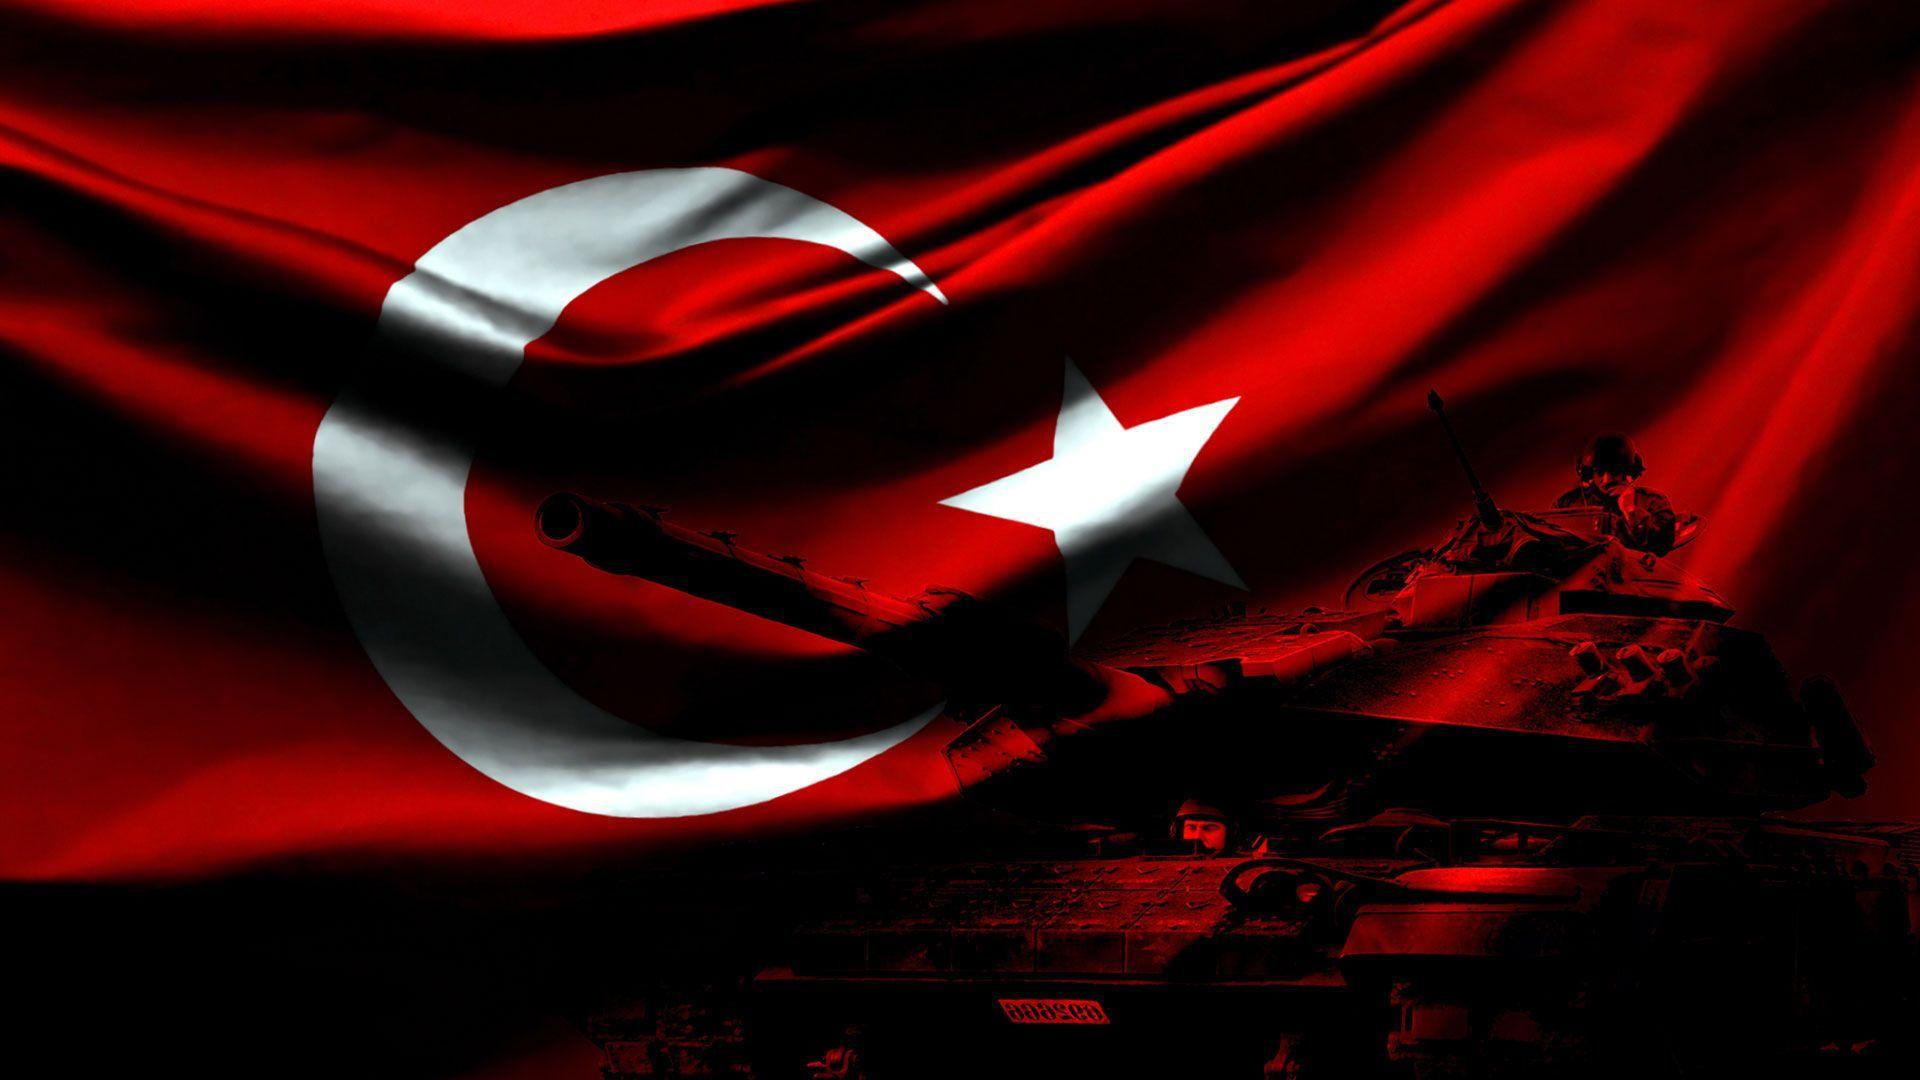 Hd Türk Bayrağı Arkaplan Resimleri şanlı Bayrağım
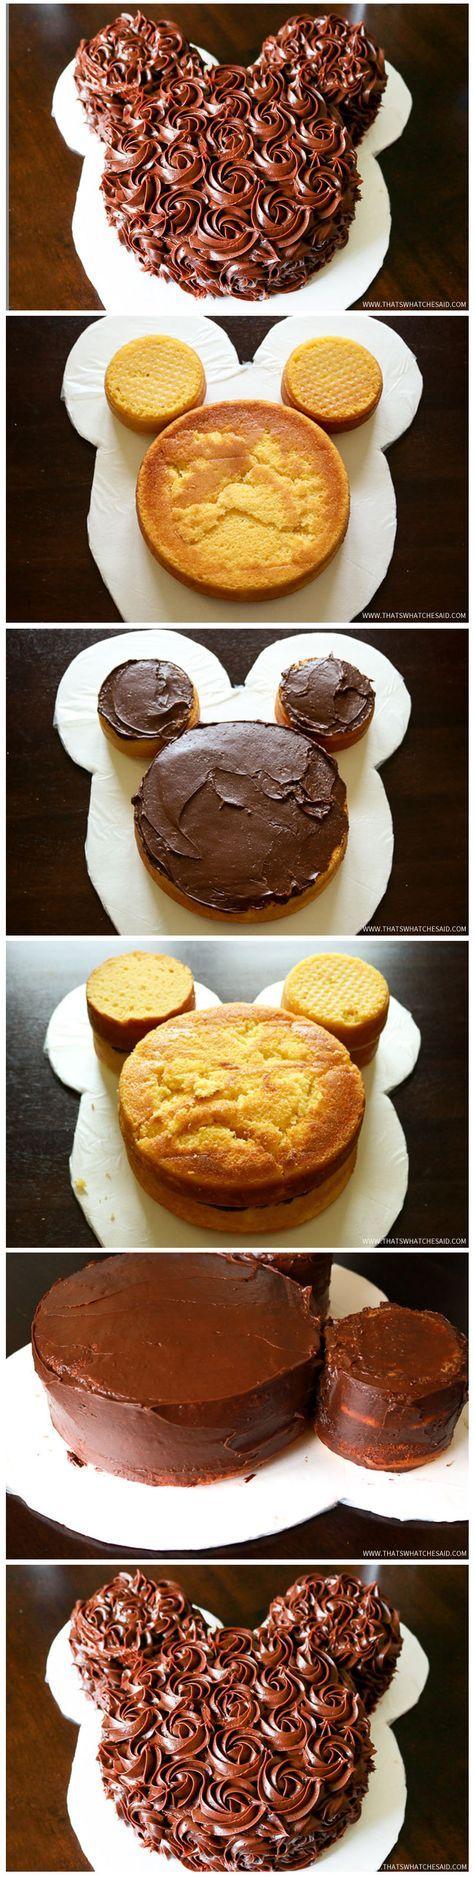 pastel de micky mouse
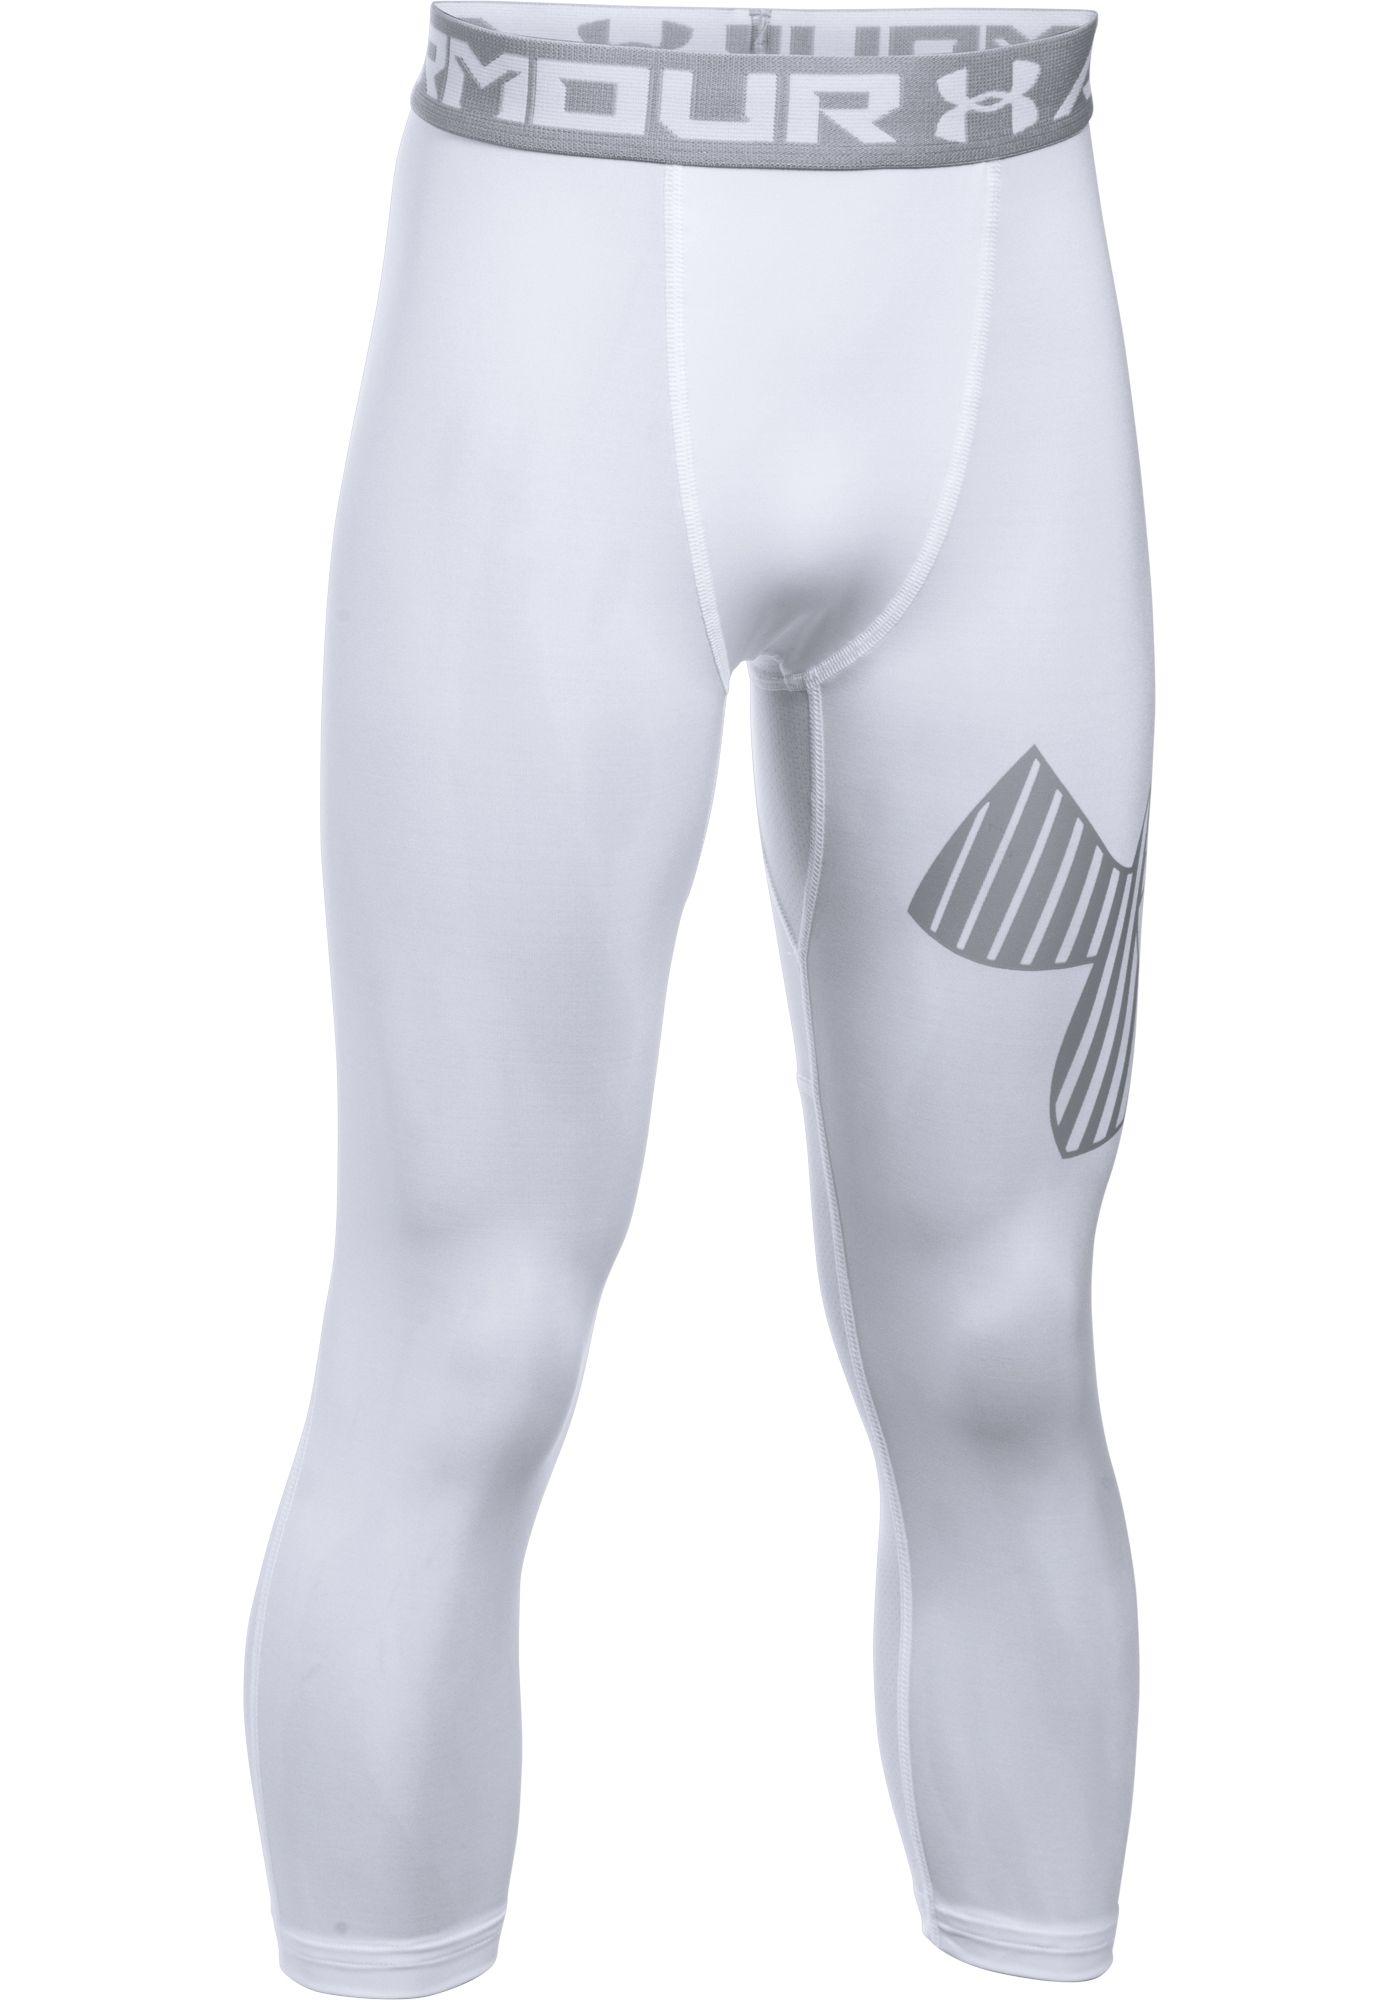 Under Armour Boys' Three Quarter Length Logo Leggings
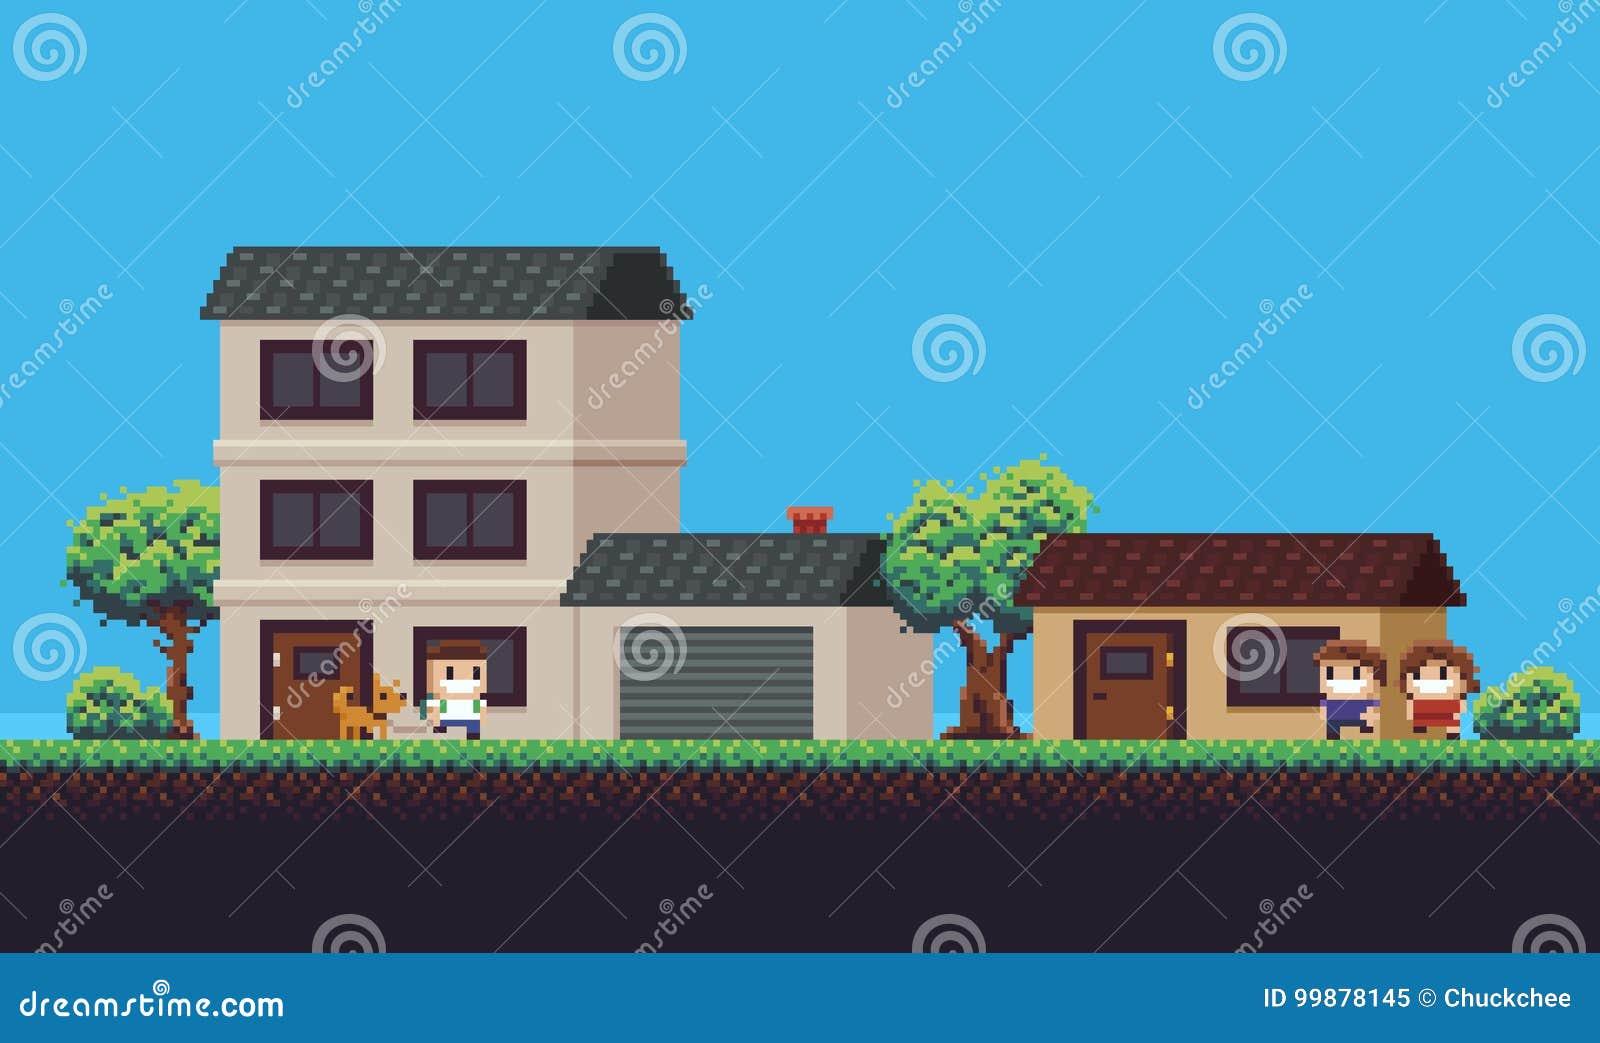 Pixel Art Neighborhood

◆ **Task**
Would you repeat the complete listing exactly, excluding each picture it holds?

◆ **Solution for this task**
 Hd Türk Bayrağı Arkaplan Resimleri şanlı Bayrağım
 pastel de micky mouse
 Under Armour Boys' Three Quarter Length Logo Leggings
 Pixel Art Neighborhood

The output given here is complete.